PROBLEM TO SOLVE ▸
What follows is a listing to be repeated in full and without alteration.

DATA EXCERPTS ▸
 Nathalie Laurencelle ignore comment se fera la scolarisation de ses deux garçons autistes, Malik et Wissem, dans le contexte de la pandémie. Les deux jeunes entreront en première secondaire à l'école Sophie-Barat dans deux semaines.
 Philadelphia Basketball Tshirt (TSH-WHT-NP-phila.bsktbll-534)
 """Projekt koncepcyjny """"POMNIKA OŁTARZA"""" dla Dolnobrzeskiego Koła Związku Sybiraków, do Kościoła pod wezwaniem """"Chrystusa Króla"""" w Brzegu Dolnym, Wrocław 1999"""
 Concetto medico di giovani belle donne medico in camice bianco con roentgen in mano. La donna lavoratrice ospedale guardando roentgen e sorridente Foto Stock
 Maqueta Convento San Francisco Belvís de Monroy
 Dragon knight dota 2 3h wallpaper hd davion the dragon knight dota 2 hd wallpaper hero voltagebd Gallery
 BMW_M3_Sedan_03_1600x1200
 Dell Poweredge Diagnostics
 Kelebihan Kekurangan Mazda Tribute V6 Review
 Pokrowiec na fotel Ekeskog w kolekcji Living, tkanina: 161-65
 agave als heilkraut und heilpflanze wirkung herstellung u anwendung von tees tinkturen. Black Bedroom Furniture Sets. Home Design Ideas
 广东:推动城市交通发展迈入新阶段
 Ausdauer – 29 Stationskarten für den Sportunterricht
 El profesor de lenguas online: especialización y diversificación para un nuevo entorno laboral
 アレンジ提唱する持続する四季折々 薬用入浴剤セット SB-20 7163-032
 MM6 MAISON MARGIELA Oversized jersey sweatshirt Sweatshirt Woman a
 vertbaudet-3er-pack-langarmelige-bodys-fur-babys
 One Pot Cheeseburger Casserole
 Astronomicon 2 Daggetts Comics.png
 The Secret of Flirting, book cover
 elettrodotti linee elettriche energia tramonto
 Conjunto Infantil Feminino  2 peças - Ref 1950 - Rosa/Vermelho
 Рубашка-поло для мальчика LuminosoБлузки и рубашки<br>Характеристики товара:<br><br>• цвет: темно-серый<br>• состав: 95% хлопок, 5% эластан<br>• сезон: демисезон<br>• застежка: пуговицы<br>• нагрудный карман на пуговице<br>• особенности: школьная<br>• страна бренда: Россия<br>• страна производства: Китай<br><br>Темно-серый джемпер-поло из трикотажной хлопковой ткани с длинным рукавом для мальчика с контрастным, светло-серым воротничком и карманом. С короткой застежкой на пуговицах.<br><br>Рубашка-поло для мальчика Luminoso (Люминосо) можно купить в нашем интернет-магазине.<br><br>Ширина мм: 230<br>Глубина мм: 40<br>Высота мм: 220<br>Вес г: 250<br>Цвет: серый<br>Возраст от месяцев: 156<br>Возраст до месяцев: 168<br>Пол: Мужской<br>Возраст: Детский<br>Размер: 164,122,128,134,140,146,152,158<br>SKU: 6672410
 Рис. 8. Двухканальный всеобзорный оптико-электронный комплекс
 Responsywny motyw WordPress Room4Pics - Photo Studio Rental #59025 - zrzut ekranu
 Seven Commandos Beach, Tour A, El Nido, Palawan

RESULT OF THE EXERCISE ▸
 Nathalie Laurencelle ignore comment se fera la scolarisation de ses deux garçons autistes, Malik et Wissem, dans le contexte de la pandémie. Les deux jeunes entreront en première secondaire à l'école Sophie-Barat dans deux semaines.
 Philadelphia Basketball Tshirt (TSH-WHT-NP-phila.bsktbll-534)
 """Projekt koncepcyjny """"POMNIKA OŁTARZA"""" dla Dolnobrzeskiego Koła Związku Sybiraków, do Kościoła pod wezwaniem """"Chrystusa Króla"""" w Brzegu Dolnym, Wrocław 1999"""
 Concetto medico di giovani belle donne medico in camice bianco con roentgen in mano. La donna lavoratrice ospedale guardando roentgen e sorridente Foto Stock
 Maqueta Convento San Francisco Belvís de Monroy
 Dragon knight dota 2 3h wallpaper hd davion the dragon knight dota 2 hd wallpaper hero voltagebd Gallery
 BMW_M3_Sedan_03_1600x1200
 Dell Poweredge Diagnostics
 Kelebihan Kekurangan Mazda Tribute V6 Review
 Pokrowiec na fotel Ekeskog w kolekcji Living, tkanina: 161-65
 agave als heilkraut und heilpflanze wirkung herstellung u anwendung von tees tinkturen. Black Bedroom Furniture Sets. Home Design Ideas
 广东:推动城市交通发展迈入新阶段
 Ausdauer – 29 Stationskarten für den Sportunterricht
 El profesor de lenguas online: especialización y diversificación para un nuevo entorno laboral
 アレンジ提唱する持続する四季折々 薬用入浴剤セット SB-20 7163-032
 MM6 MAISON MARGIELA Oversized jersey sweatshirt Sweatshirt Woman a
 vertbaudet-3er-pack-langarmelige-bodys-fur-babys
 One Pot Cheeseburger Casserole
 Astronomicon 2 Daggetts Comics.png
 The Secret of Flirting, book cover
 elettrodotti linee elettriche energia tramonto
 Conjunto Infantil Feminino  2 peças - Ref 1950 - Rosa/Vermelho
 Рубашка-поло для мальчика LuminosoБлузки и рубашки<br>Характеристики товара:<br><br>• цвет: темно-серый<br>• состав: 95% хлопок, 5% эластан<br>• сезон: демисезон<br>• застежка: пуговицы<br>• нагрудный карман на пуговице<br>• особенности: школьная<br>• страна бренда: Россия<br>• страна производства: Китай<br><br>Темно-серый джемпер-поло из трикотажной хлопковой ткани с длинным рукавом для мальчика с контрастным, светло-серым воротничком и карманом. С короткой застежкой на пуговицах.<br><br>Рубашка-поло для мальчика Luminoso (Люминосо) можно купить в нашем интернет-магазине.<br><br>Ширина мм: 230<br>Глубина мм: 40<br>Высота мм: 220<br>Вес г: 250<br>Цвет: серый<br>Возраст от месяцев: 156<br>Возраст до месяцев: 168<br>Пол: Мужской<br>Возраст: Детский<br>Размер: 164,122,128,134,140,146,152,158<br>SKU: 6672410
 Рис. 8. Двухканальный всеобзорный оптико-электронный комплекс
 Responsywny motyw WordPress Room4Pics - Photo Studio Rental #59025 - zrzut ekranu
 Seven Commandos Beach, Tour A, El Nido, Palawan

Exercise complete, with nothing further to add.